## Data section
* * * *

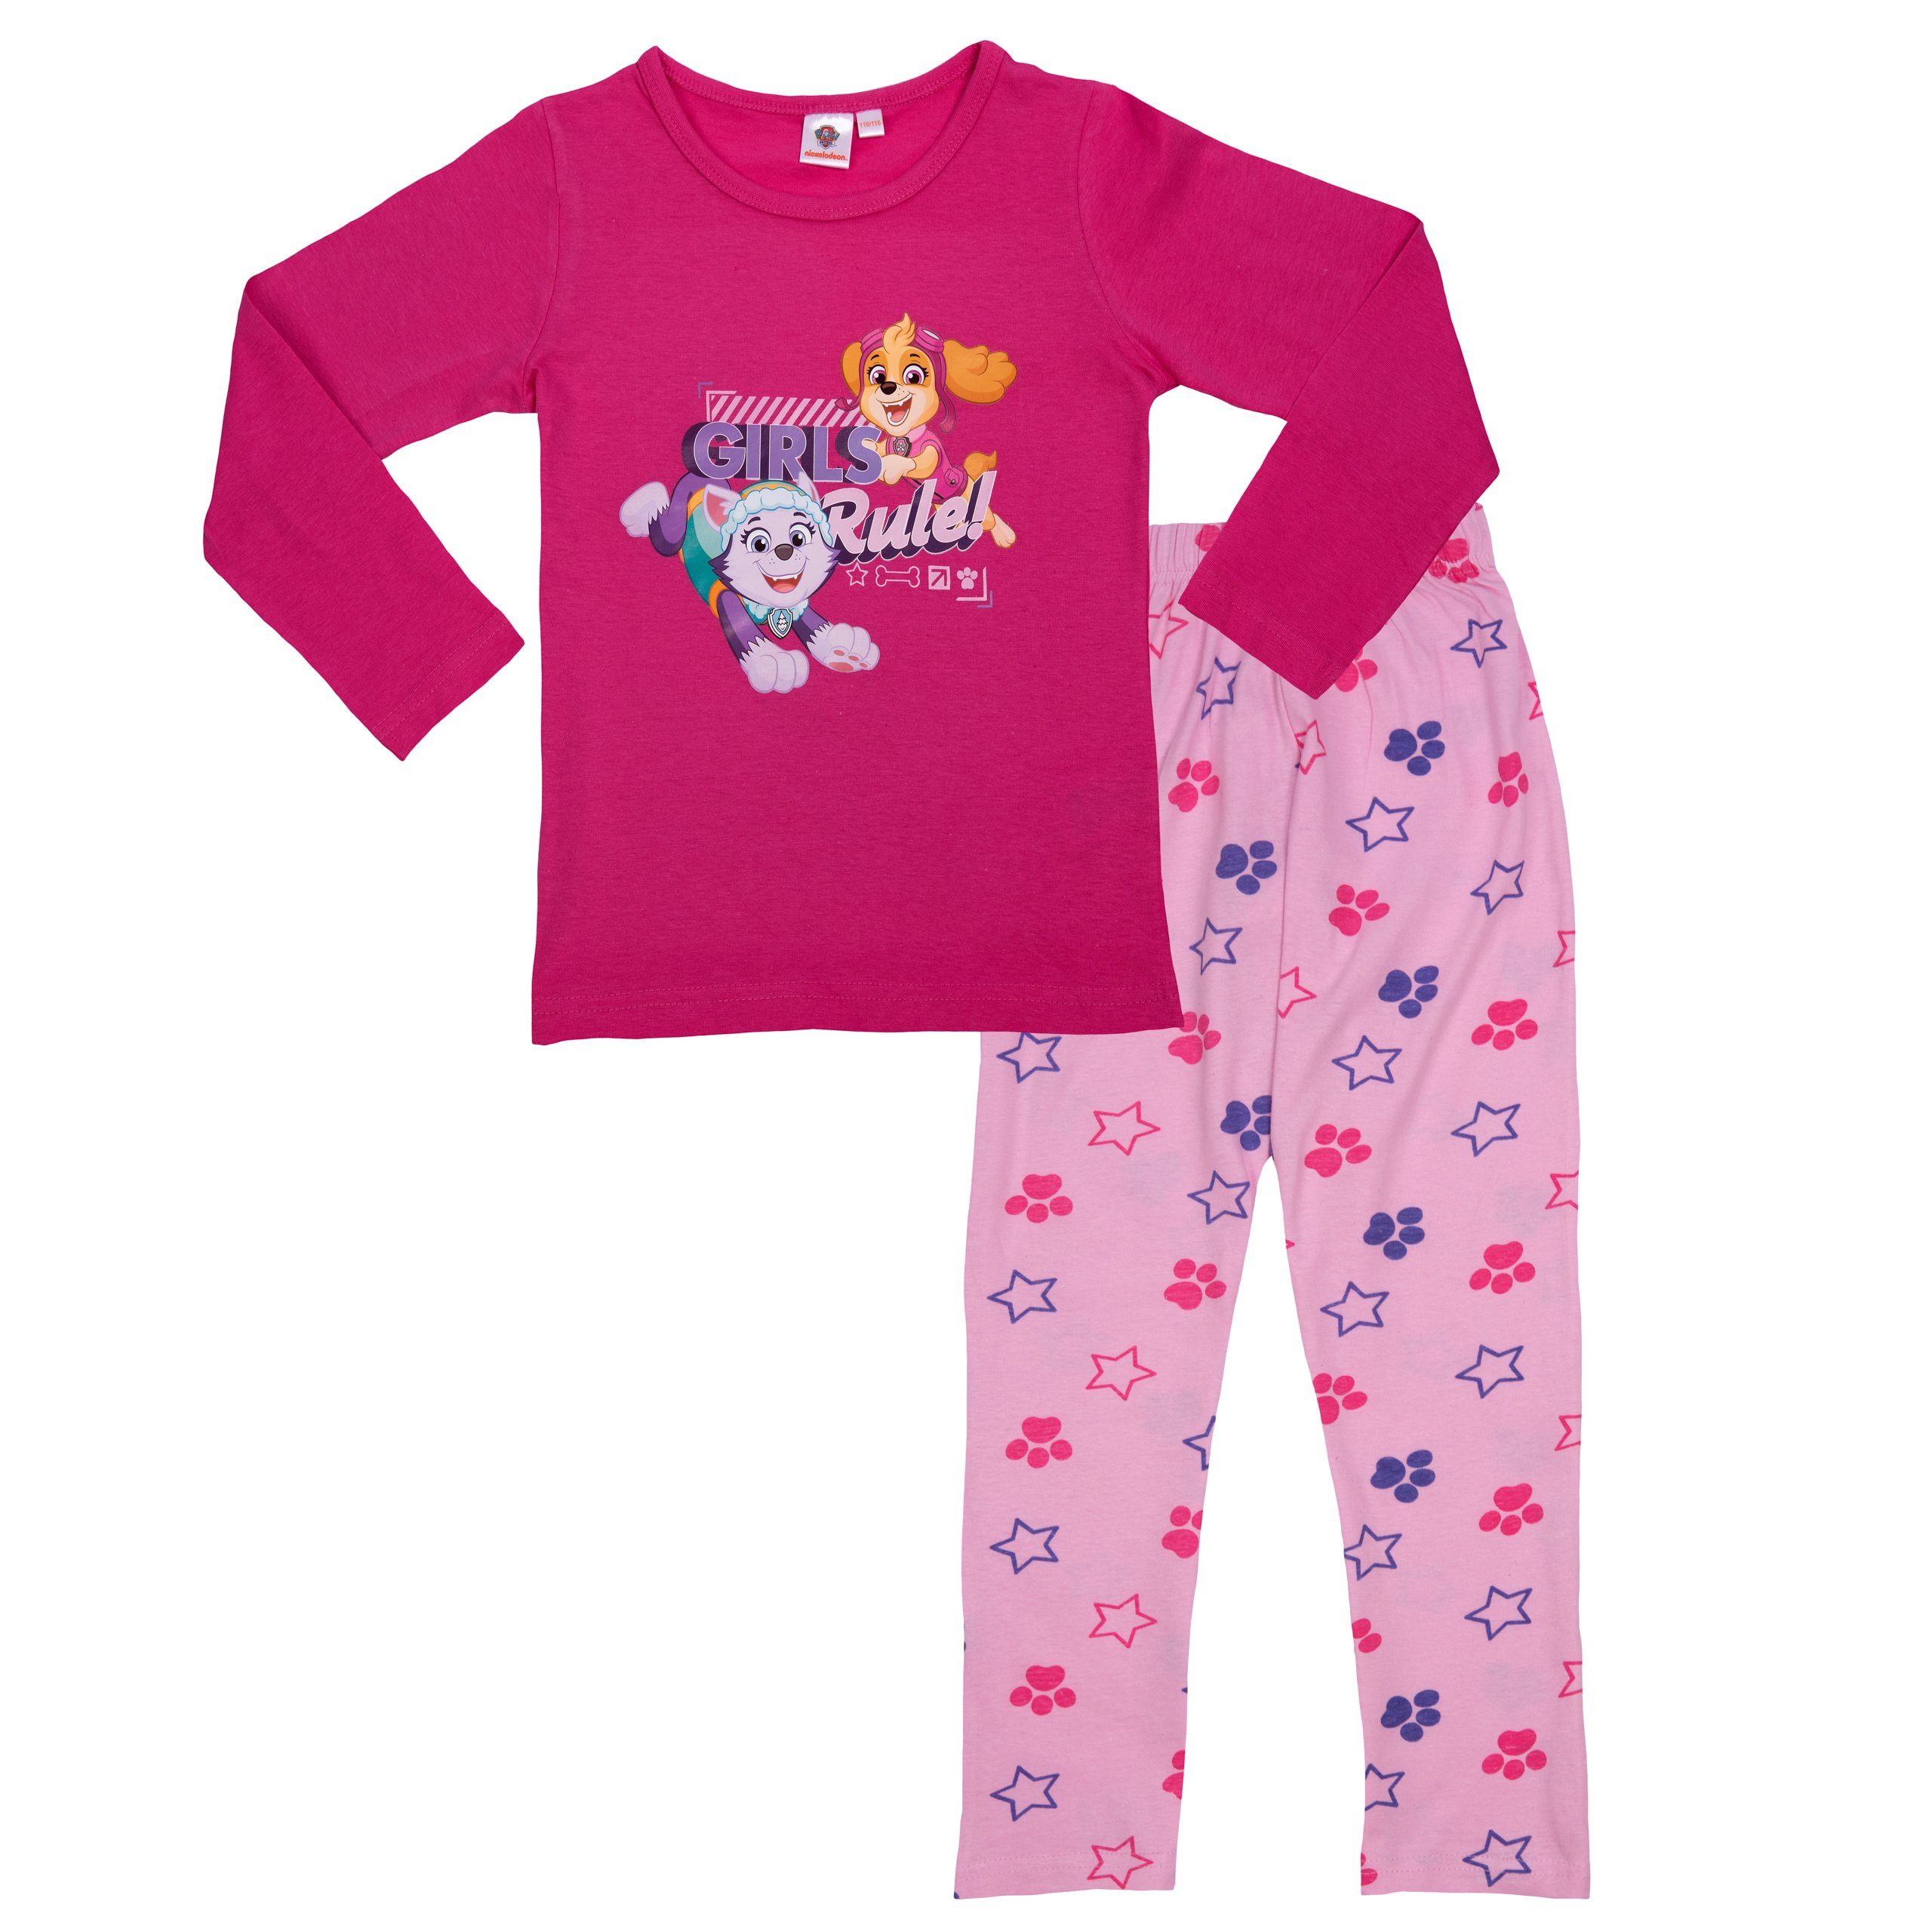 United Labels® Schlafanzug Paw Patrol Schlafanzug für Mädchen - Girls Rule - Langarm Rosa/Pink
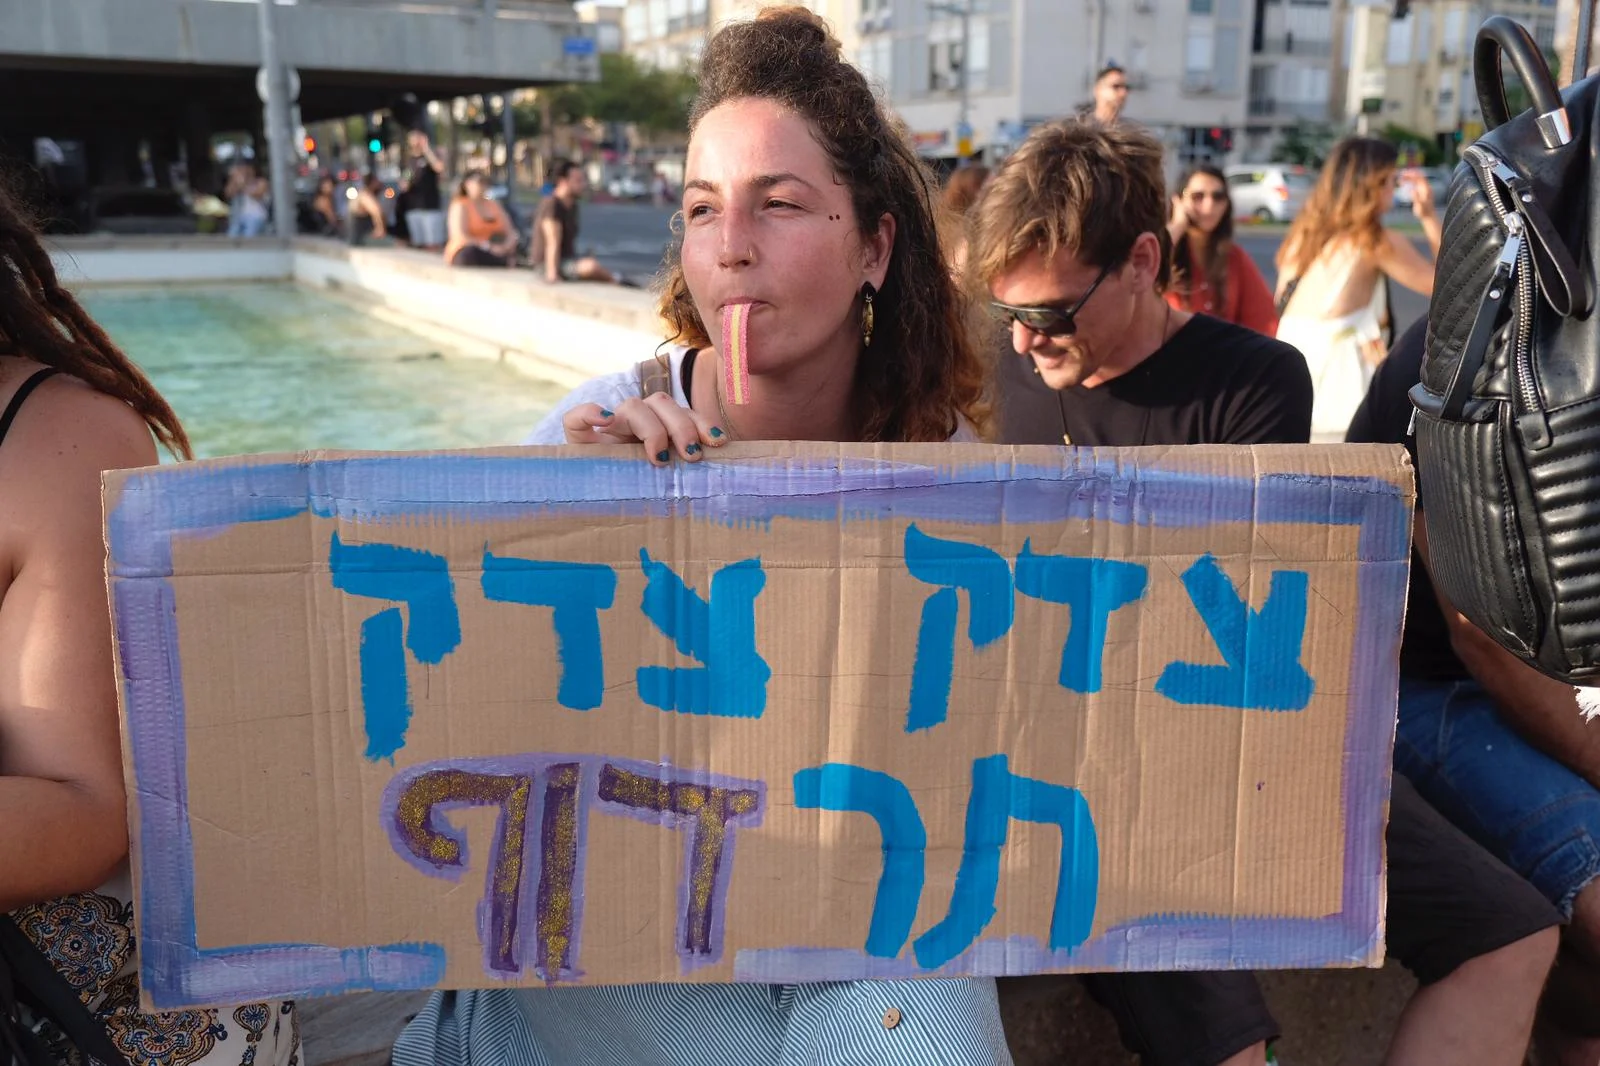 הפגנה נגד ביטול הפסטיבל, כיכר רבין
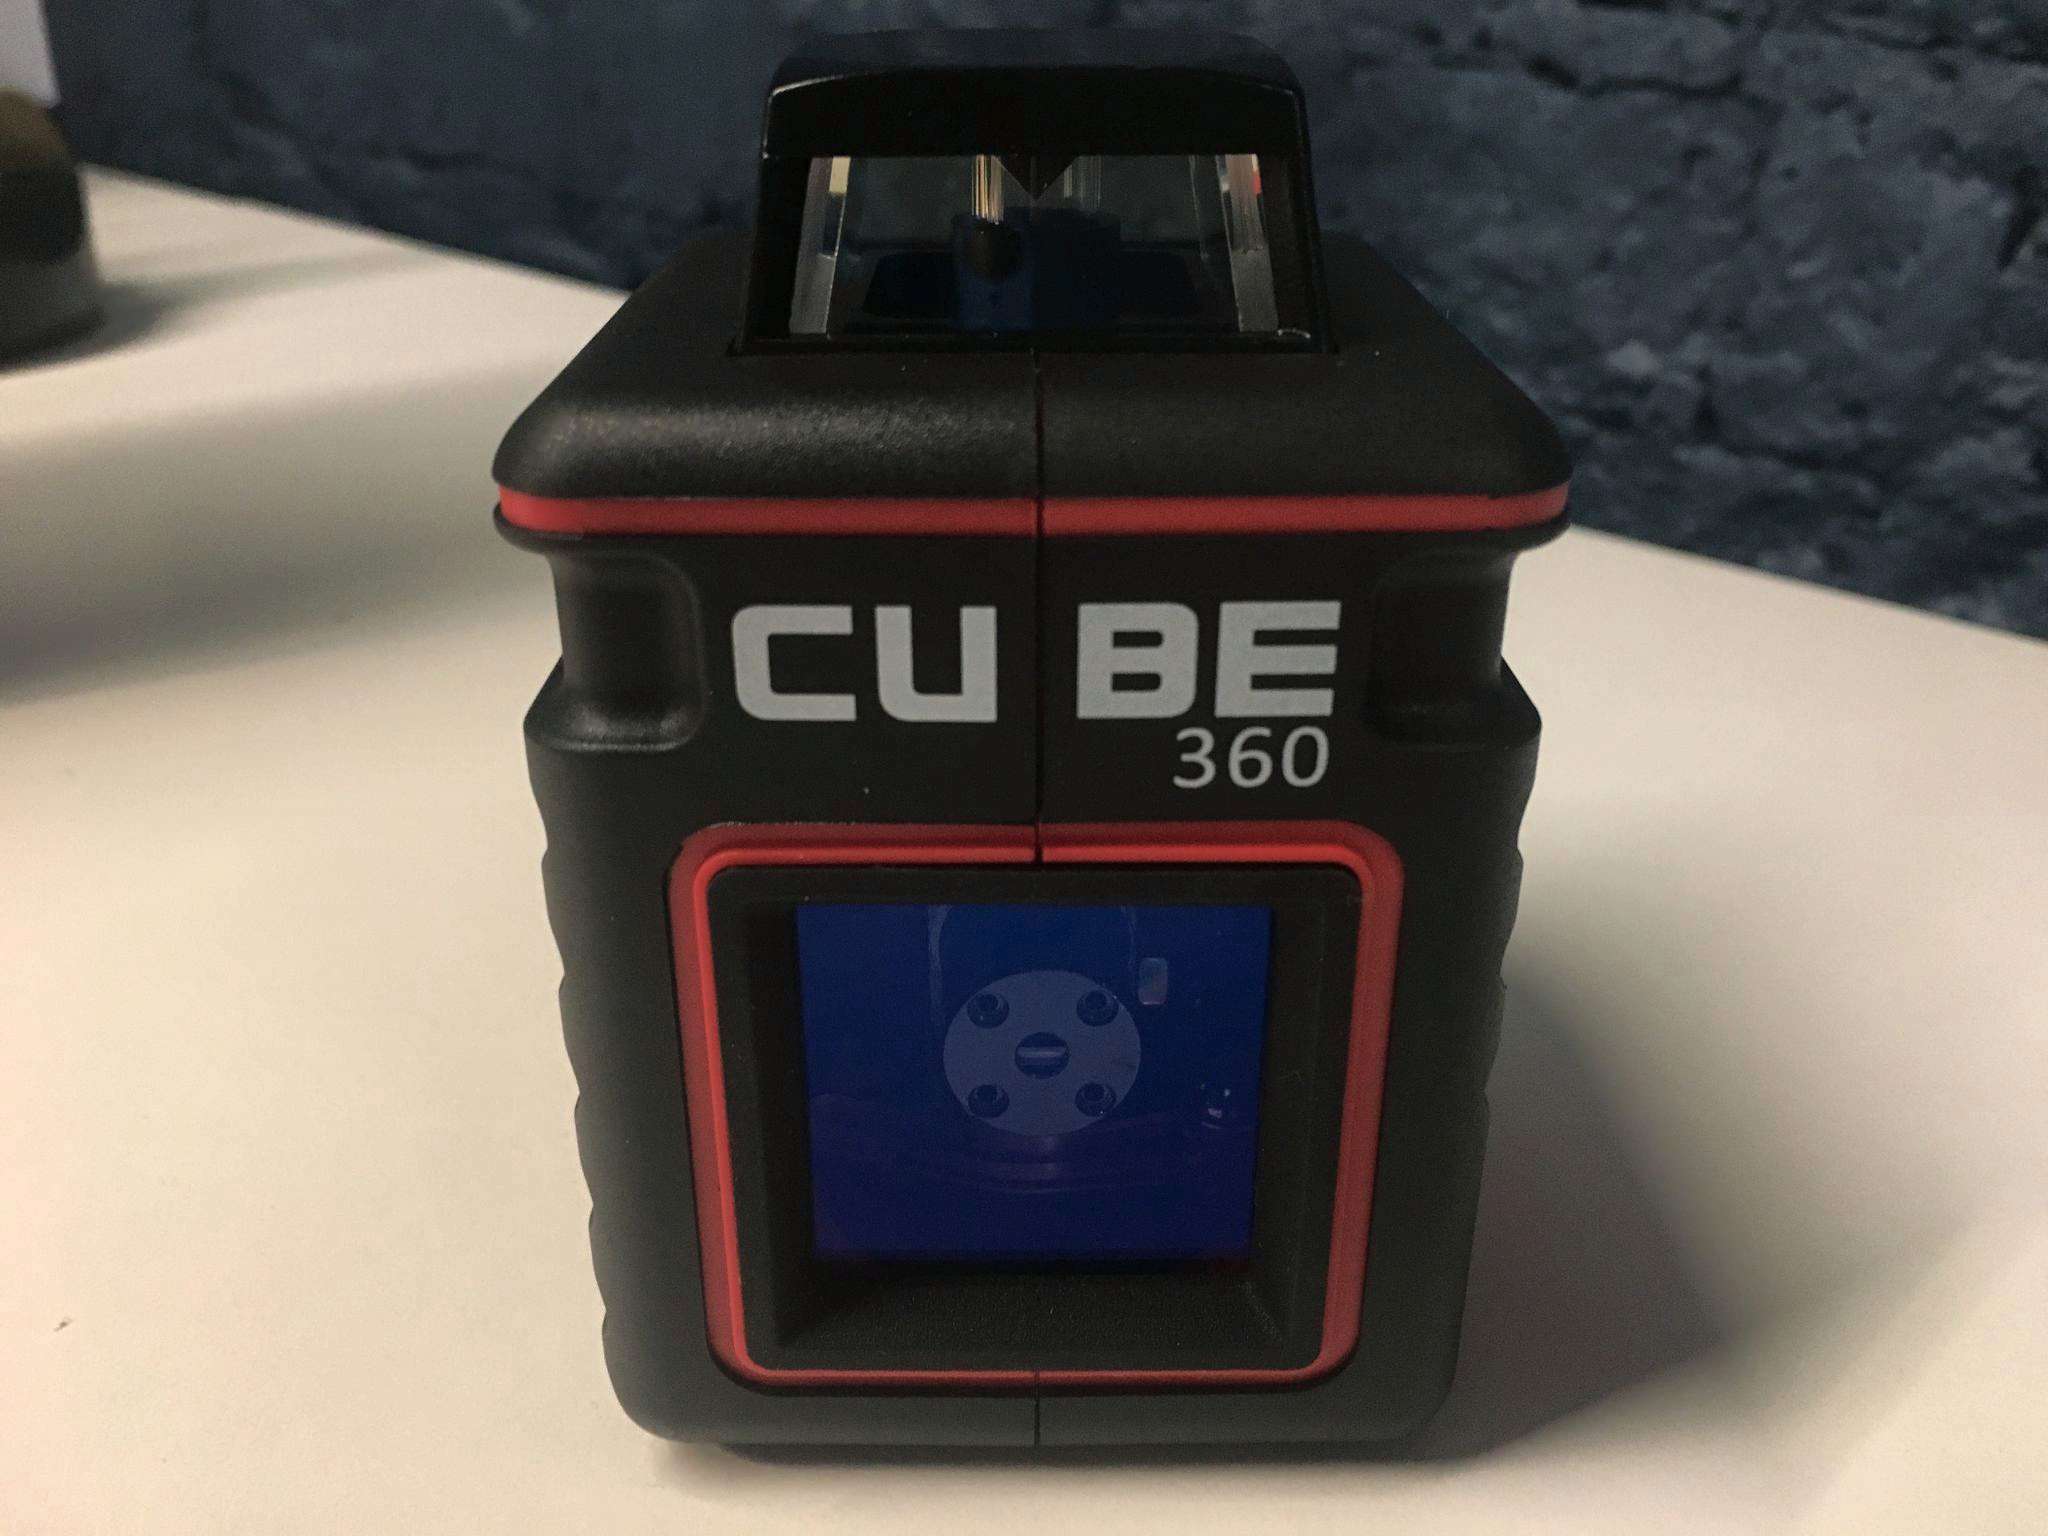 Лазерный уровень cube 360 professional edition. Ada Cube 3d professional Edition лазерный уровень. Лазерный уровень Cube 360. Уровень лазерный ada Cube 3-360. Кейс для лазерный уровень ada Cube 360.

* * * *

## Directions for this task
Pictures are to be left out, and each line from the one that contains "הפגנה נגד ביטול הפסטיבל, כיכר רבין" through the end of the listing is to be copied exactly.

## Your response
 הפגנה נגד ביטול הפסטיבל, כיכר רבין
 Лазерный уровень cube 360 professional edition. Ada Cube 3d professional Edition лазерный уровень. Лазерный уровень Cube 360. Уровень лазерный ada Cube 3-360. Кейс для лазерный уровень ada Cube 360.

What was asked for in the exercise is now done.